Instructions for the task: With the pictures omitted, repeat exactly the lines below starting with the line that has "20296 / ⭐ ◉" and going on through the line that has "Cho thuê căn".

───── Listed entries

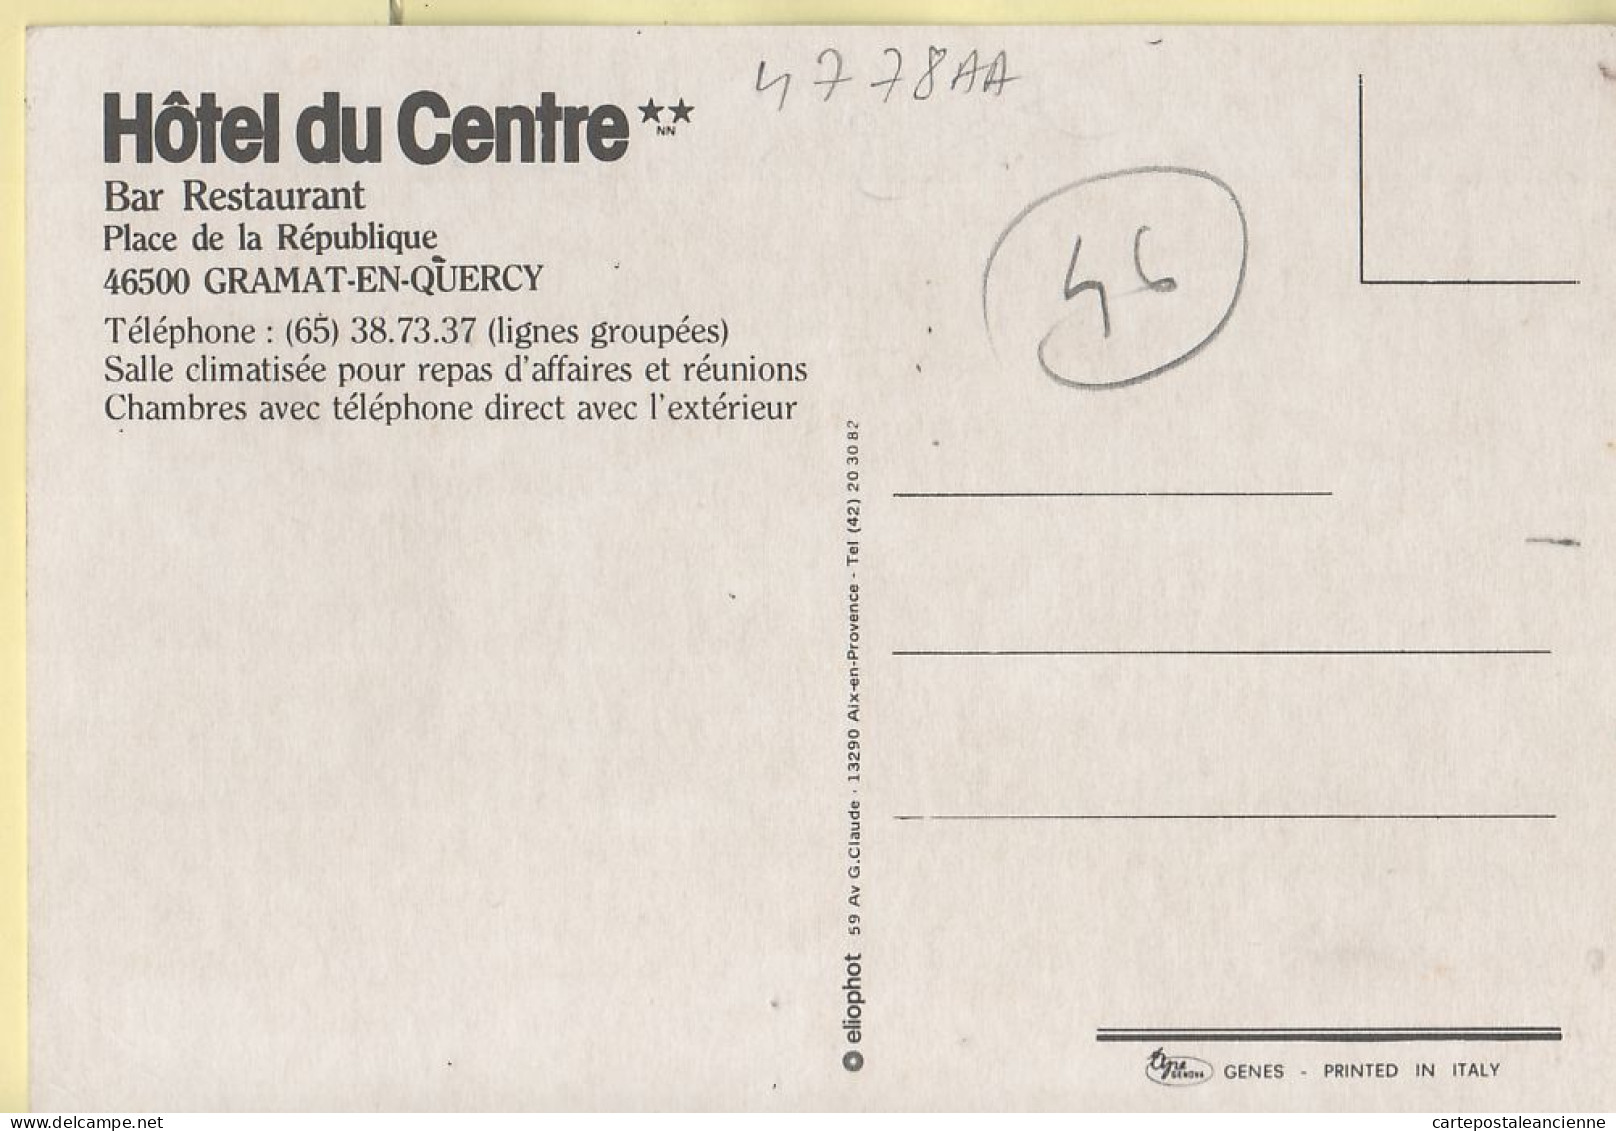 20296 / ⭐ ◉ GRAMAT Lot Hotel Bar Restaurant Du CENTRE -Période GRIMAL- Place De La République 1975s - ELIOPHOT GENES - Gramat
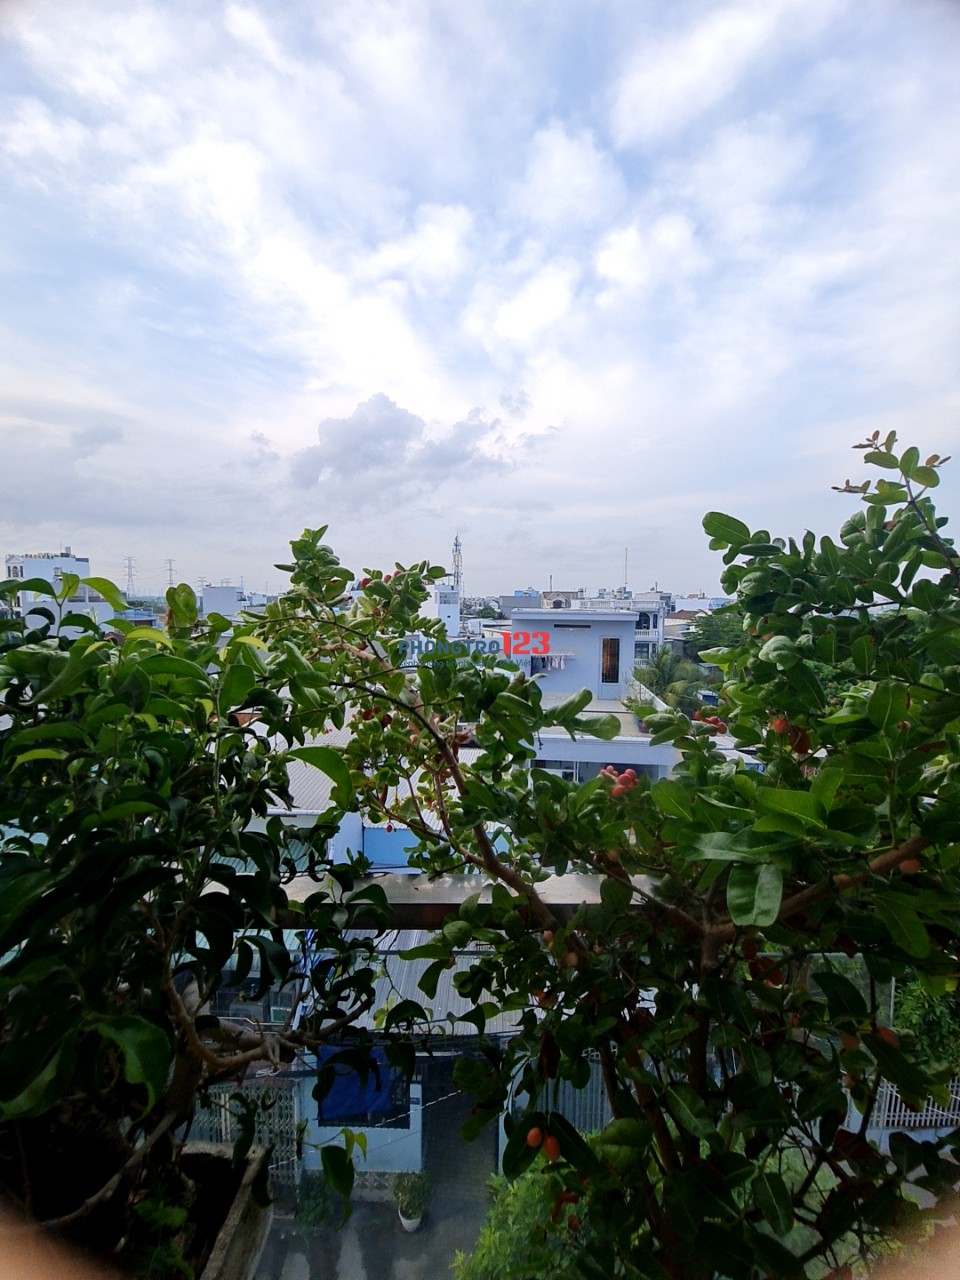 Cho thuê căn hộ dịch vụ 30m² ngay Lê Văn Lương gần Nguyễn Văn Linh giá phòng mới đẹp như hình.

──────────
───── Listed entries

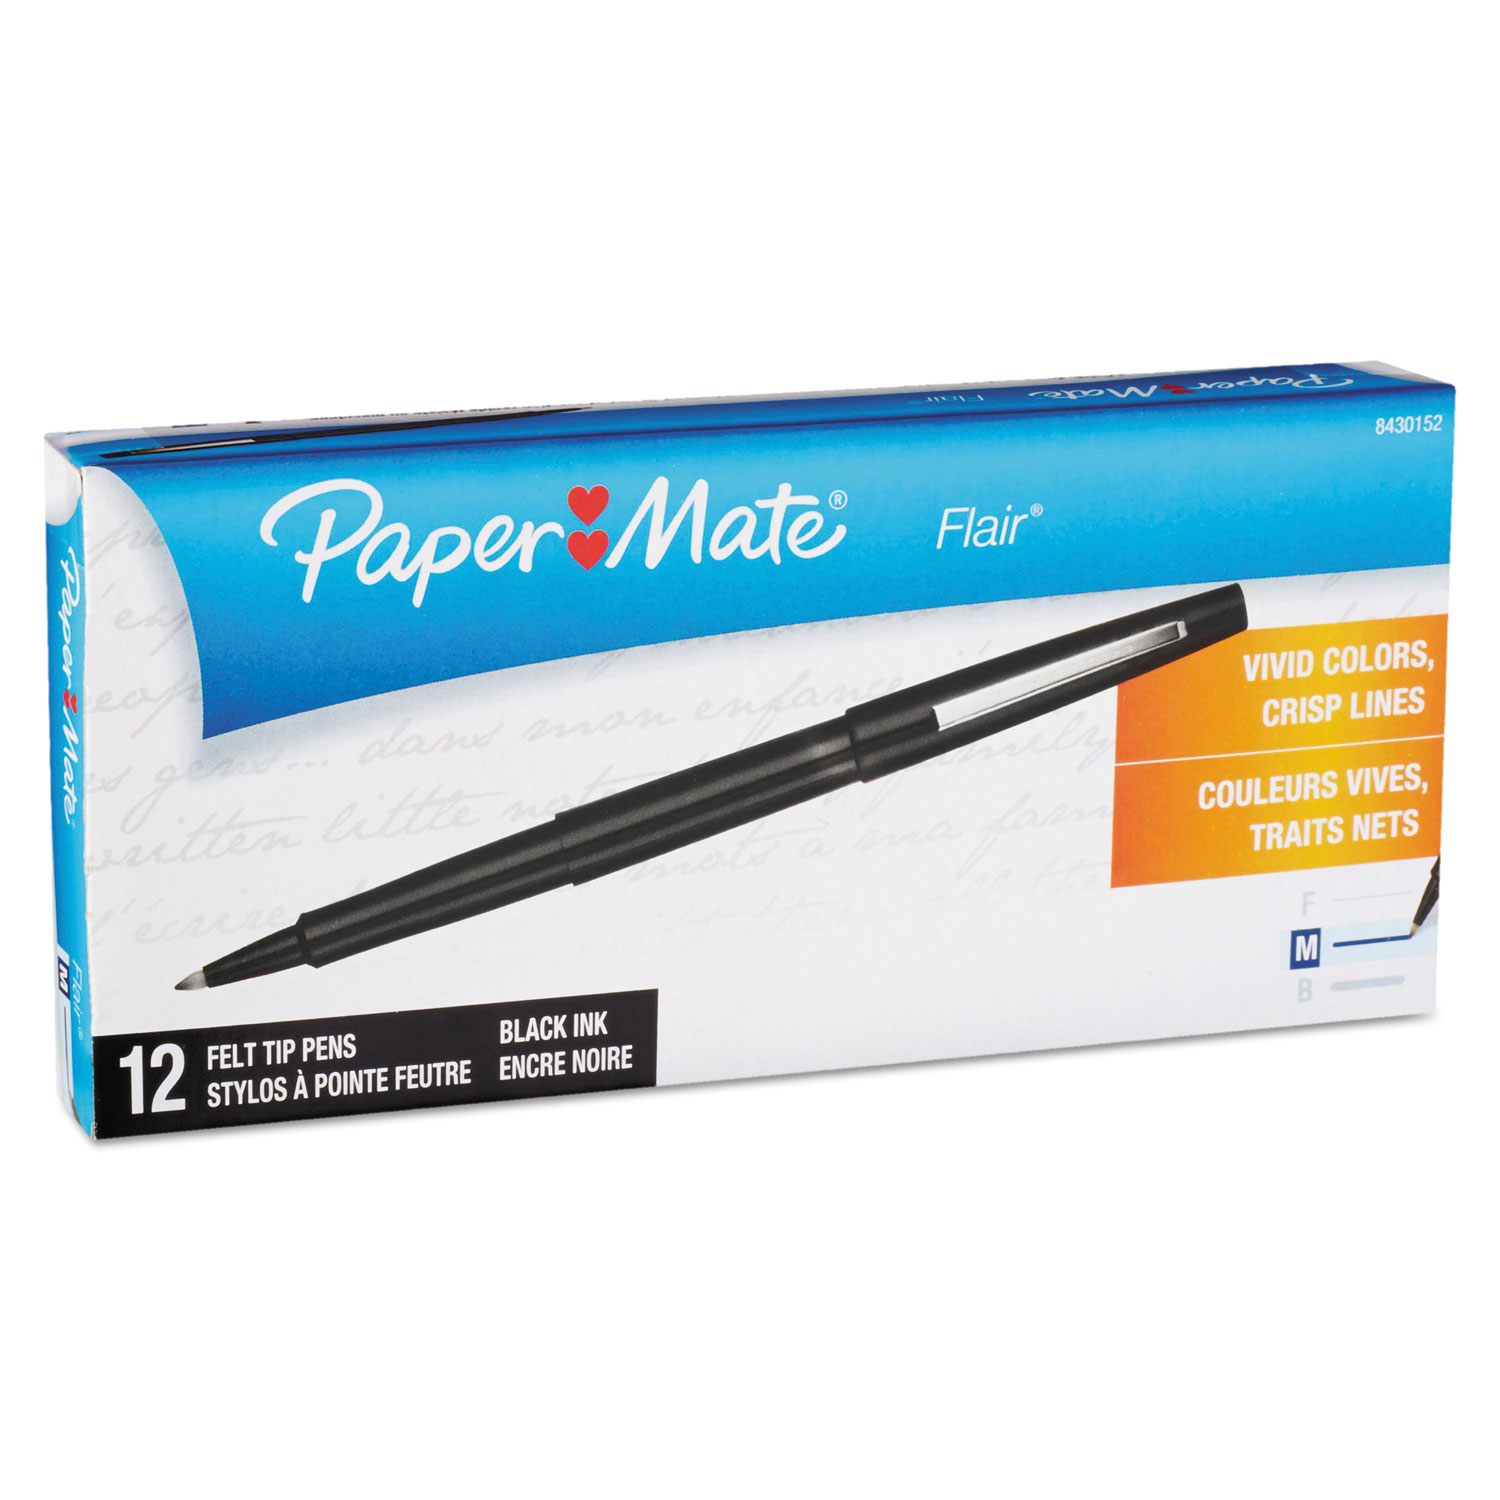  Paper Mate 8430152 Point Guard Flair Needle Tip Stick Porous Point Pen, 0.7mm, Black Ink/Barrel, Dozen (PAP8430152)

──────────
───── Listed entries

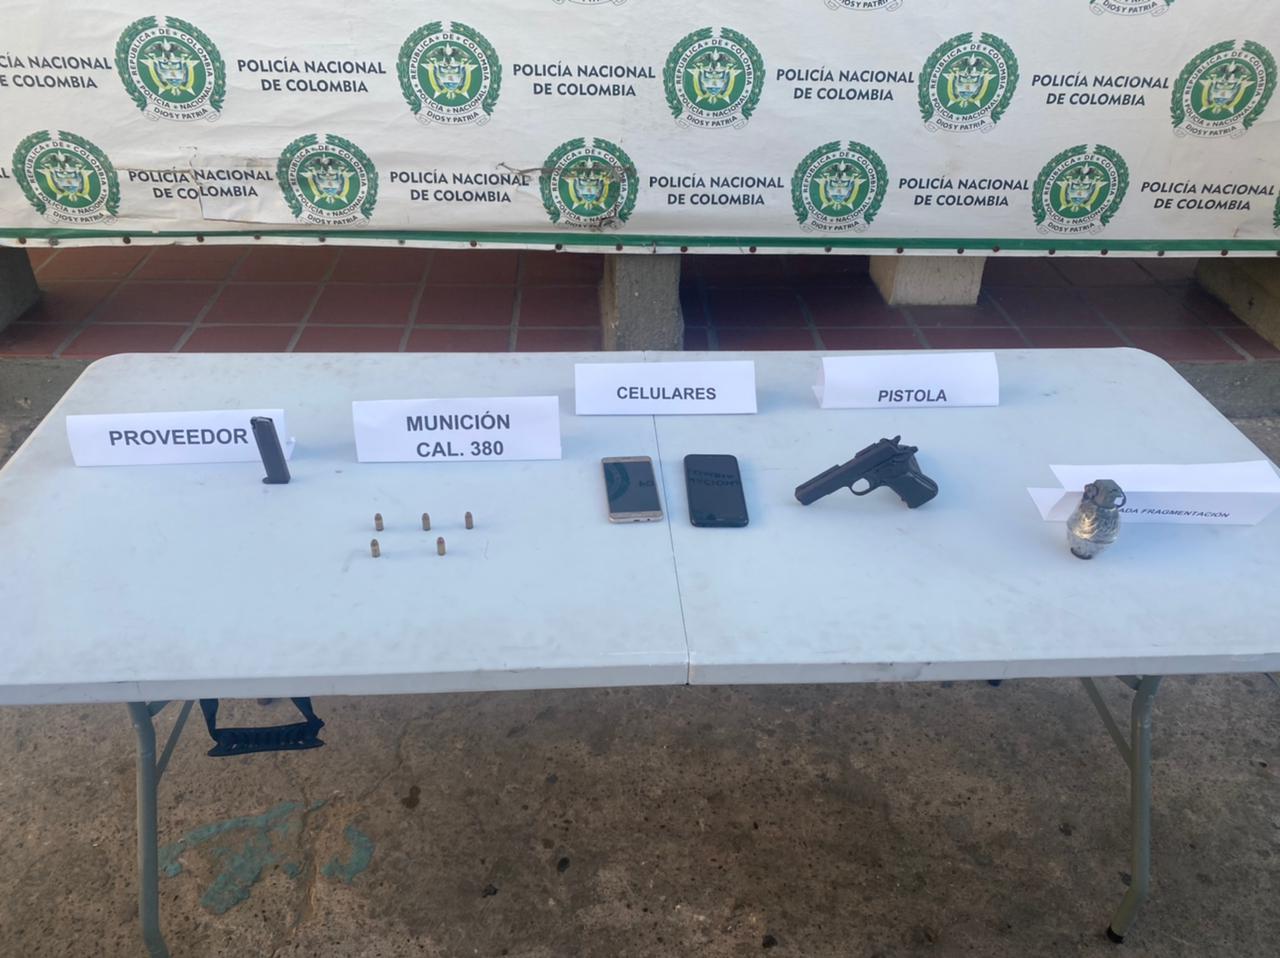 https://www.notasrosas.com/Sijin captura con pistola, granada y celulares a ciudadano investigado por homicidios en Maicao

──────────

Solution:
 20296 / ⭐ ◉ GRAMAT Lot Hotel Bar Restaurant Du CENTRE -Période GRIMAL- Place De La République 1975s - ELIOPHOT GENES - Gramat
 Cho thuê căn hộ dịch vụ 30m² ngay Lê Văn Lương gần Nguyễn Văn Linh giá phòng mới đẹp như hình.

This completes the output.